In the last step, we initialize m2 via initializing m0 and it is important because calling m4.init() cannot get m2 initialized. Now you can throw m4 to the trax trainer which will only update the weights of m1 and m3.

You can observe the weights difference between m0 and m4 as

from jax import tree_map

tree_map(lambda w: w.shape, m0.weights)
## The weights of m2 disappear from m4
tree_map(lambda w: w.shape, m4.weights)
Sirsirious commented 3 years ago

Hi @boathit, I undestand what you're proposing and it's a nice solution for self-made models. But that is of no help if I want to load a predefined model (such as a Reformer), load pretrained weights and then freeze some of the layers... I'd expect a more sophisticated way to work in. Maybe, if the layers were indexed, it could be that we told the model to freeze layers at index x, y and z (which is basically to offer a way to tell the layers weights not to be adjusted during backprop).

boathit commented 3 years ago

That is easy. You can decompose a loaded model into a collection of sub-models and reconstruct the model using tl.Fn layer.

m0 = tl.Serial(
    tl.Dense(3),
    tl.Dense(2),
    tl.Dense(1)
)

## This would be m0.init_from_file(...) in your case
_, _ = m0.init(signature(xs), rng=random.PRNGKey(0))

## Decomposing m0 
m1 = m0.sublayers[0]
m2 = m0.sublayers[1]
m3 = m0.sublayers[2]

## Reconstructing m0 using tl.Fn
m4 = tl.Serial(m1, FnLayer(m2), m3)

When the model is complicated like Transformer, you would have to call nested sublayers as m0.sublayers[i].sublayers[j] to break down it into the parts you wish to freeze.

friesel commented 3 years ago

boathit, thx a bunch. How would you save that m4 now? The only way I get to save checkpoints is via the Trainer. However, the trainer expects a non initialized model and throws an error when you hand over the model-function AFTER initializing from file.

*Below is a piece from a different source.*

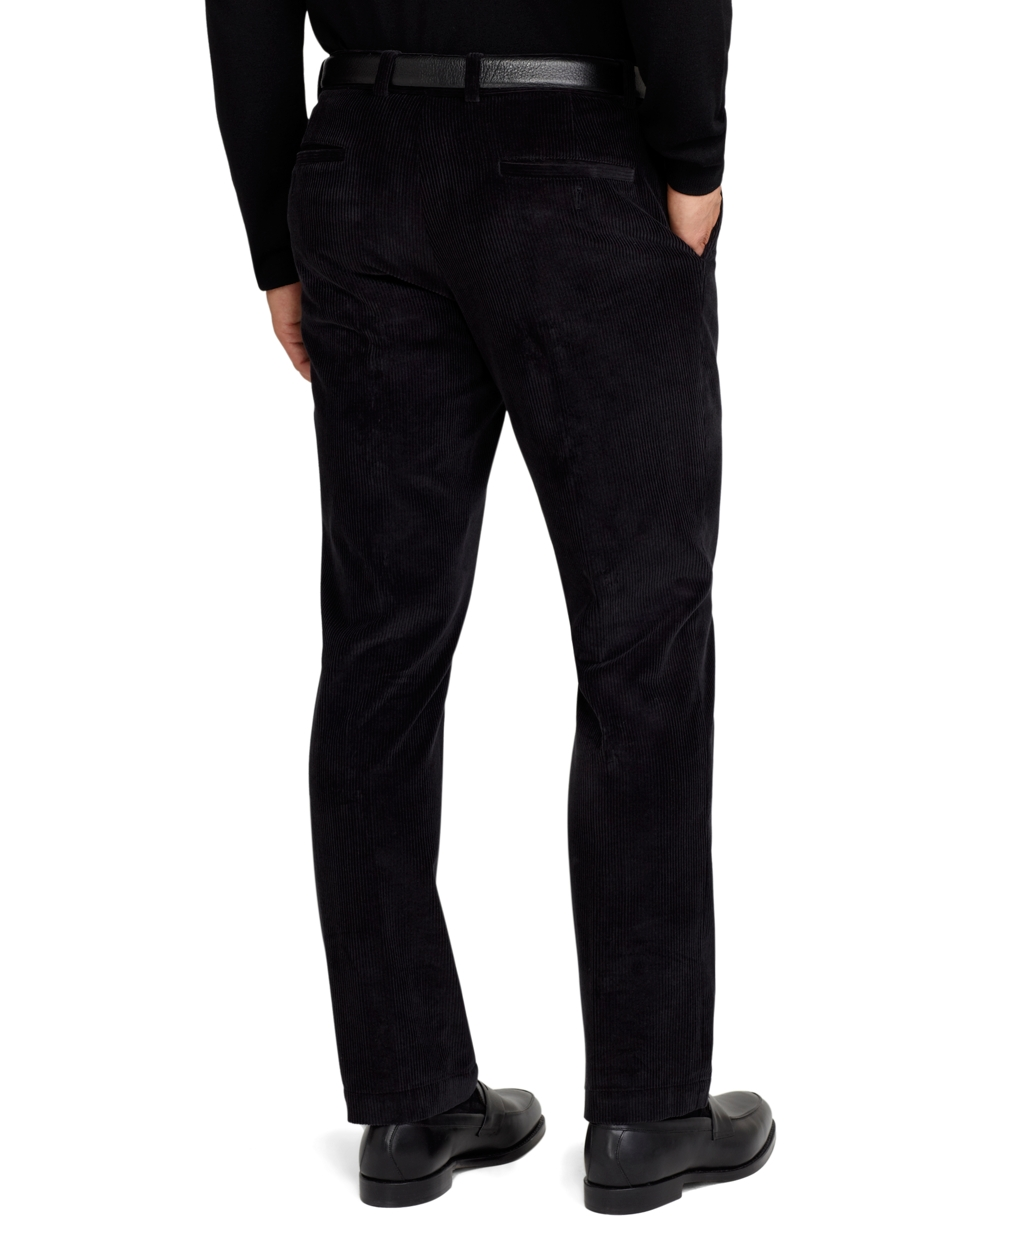 Mens Black Corduroy Pants - White Pants 2016

boathit commented 3 years ago

@friesel Did you try save_to_file function?

friesel commented 3 years ago

@boathit I checked into that. However to no avail. I am currently working on the last release (Dec 20) and there was no such function. Also my main challenge was the complexity of the entire checkpoint files being much more than mere model-weights. And training.Loop and the Trainer-Class handle things differently as well. Long story short: I hacked myself into trainer_lib.py into load_trainer_state(). So I create a new model with the Trainer(), initialize randomly, save to disk, and then when reopening that checkpoint/model, I use load_trainer_state() to replace the weights of the layers that concern me with pretrained weights from other architectures (as long as the shape fits). i.e. Embedding and the bottom-Encoder-layers of a LM-pretrain. Works like a charm even though certainly not very elegant. Thx for the sublayers-hint. That was key.

aobaruwa commented 2 years ago

That is easy. You can decompose a loaded model into a collection of sub-models and reconstruct the model using tl.Fn layer.

m0 = tl.Serial(
    tl.Dense(3),
    tl.Dense(2),
    tl.Dense(1)
)

## This would be m0.init_from_file(...) in your case
_, _ = m0.init(signature(xs), rng=random.PRNGKey(0))

## Decomposing m0 
m1 = m0.sublayers[0]
m2 = m0.sublayers[1]
m3 = m0.sublayers[2]

## Reconstructing m0 using tl.Fn
m4 = tl.Serial(m1, FnLayer(m2), m3)

When the model is complicated like Transformer, you would have to call nested sublayers as m0.sublayers[i].sublayers[j] to break down it into the parts you wish to freeze.

I already tried this but when the weight disappears, the forward method of m2 will have no weights to use since it has been frozen. The code returns an error.